IKSEMICON IK3301_11

IK3301
Triple DC to DC Converter Control IC for CCD Image sensor
DESCRIPTION
IK3301 is to be used as power supply control IC for the system that is based on CCD image sensor. IK3301
supplies all the voltages that are needed to operate CCD image sensor, 15V, 5V and –8V, with excellently
controlled ripple voltage. The typical power efficiency of this device is 80% at a standard load current. Due
to the high power efficiency, the heat dissipation is suppressed, which can be fatal to the image quality of
CCD sensor.

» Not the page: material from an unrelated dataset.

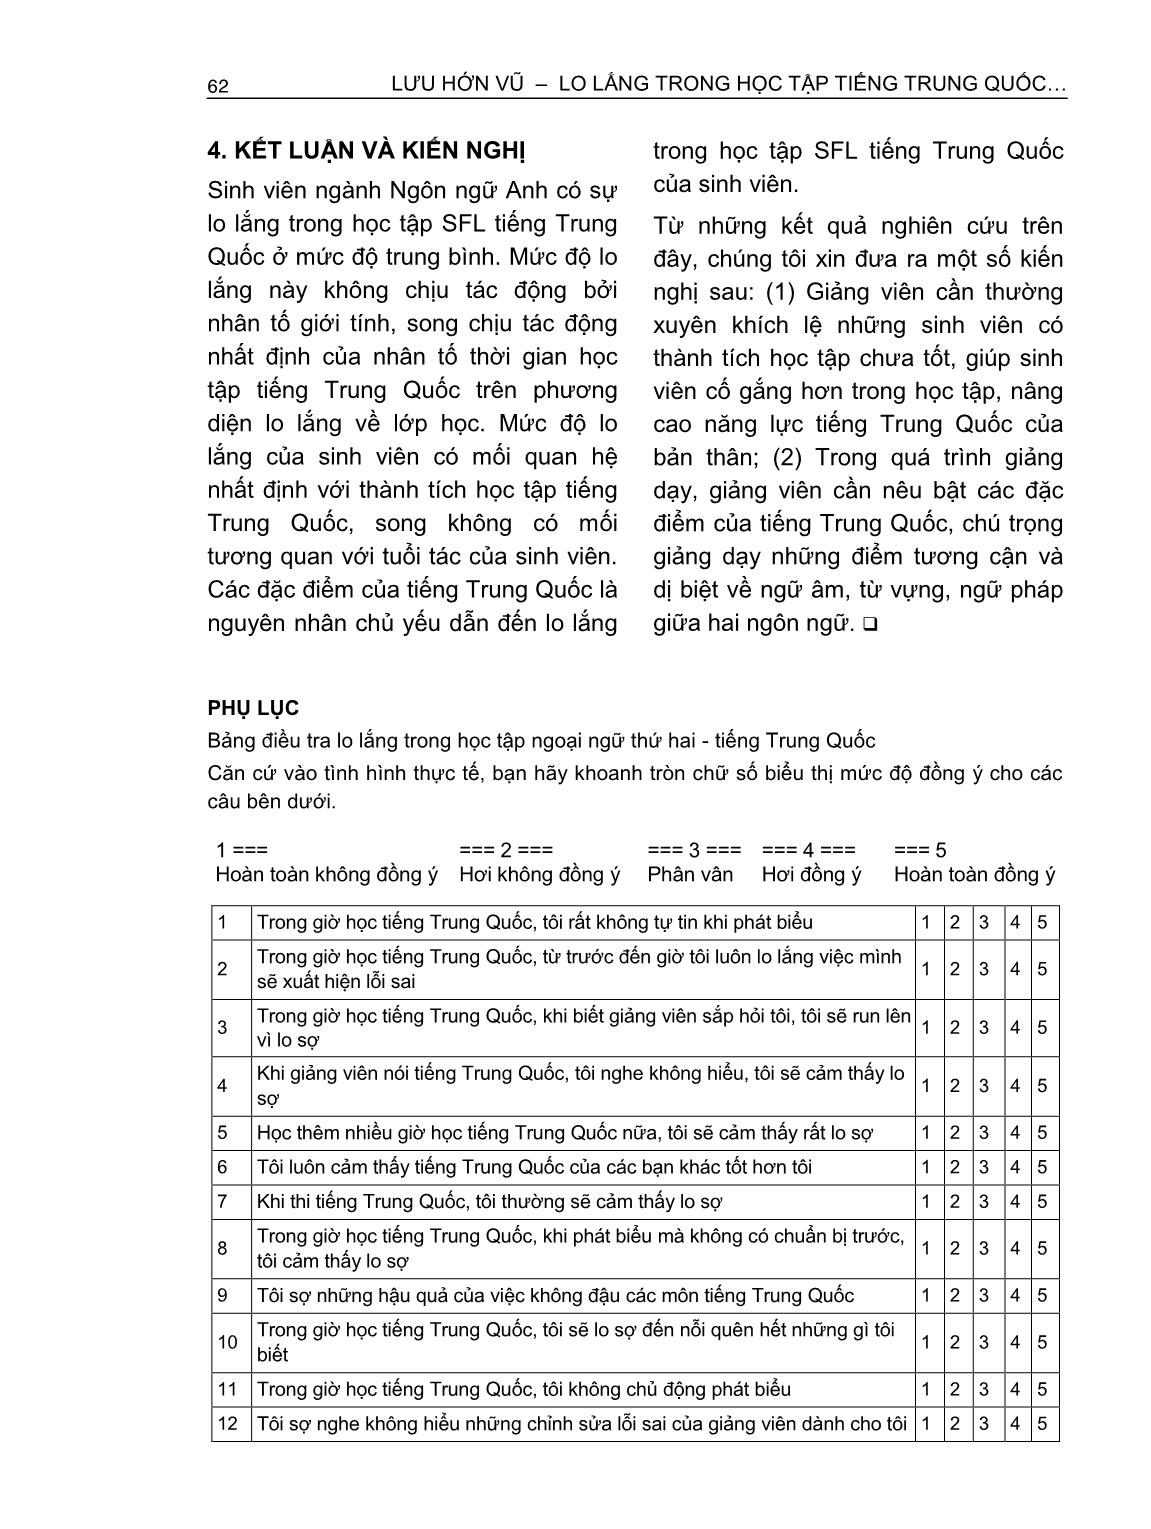 Lo lắng trong học tập tiếng Trung Quốc - Ngoại ngữ thứ hai của sinh viên ngành Ngôn ngữ anh (Trường hợp Trường Đại học Ngân hàng thành phố Hồ Chí Minh) trang 8

Excellent voltage ripple and suppressed heat dissipation will be very beneficial for the CCD
system that needs high image quality.
FEATURES
• Built-in 3-Channel Voltage Output Option : 15V / 5.0V / -8V, 12V / 3.3V / -8V
• PWM Method
• High Power Efficiency (80%)
• Low Heat Dissipation
• 9~18V Wide Operating Voltage
• Very Low Ripple Voltage Noise (less than 20mV)
• High Driving Current (300mA@Vout 3.3V or 5.0V)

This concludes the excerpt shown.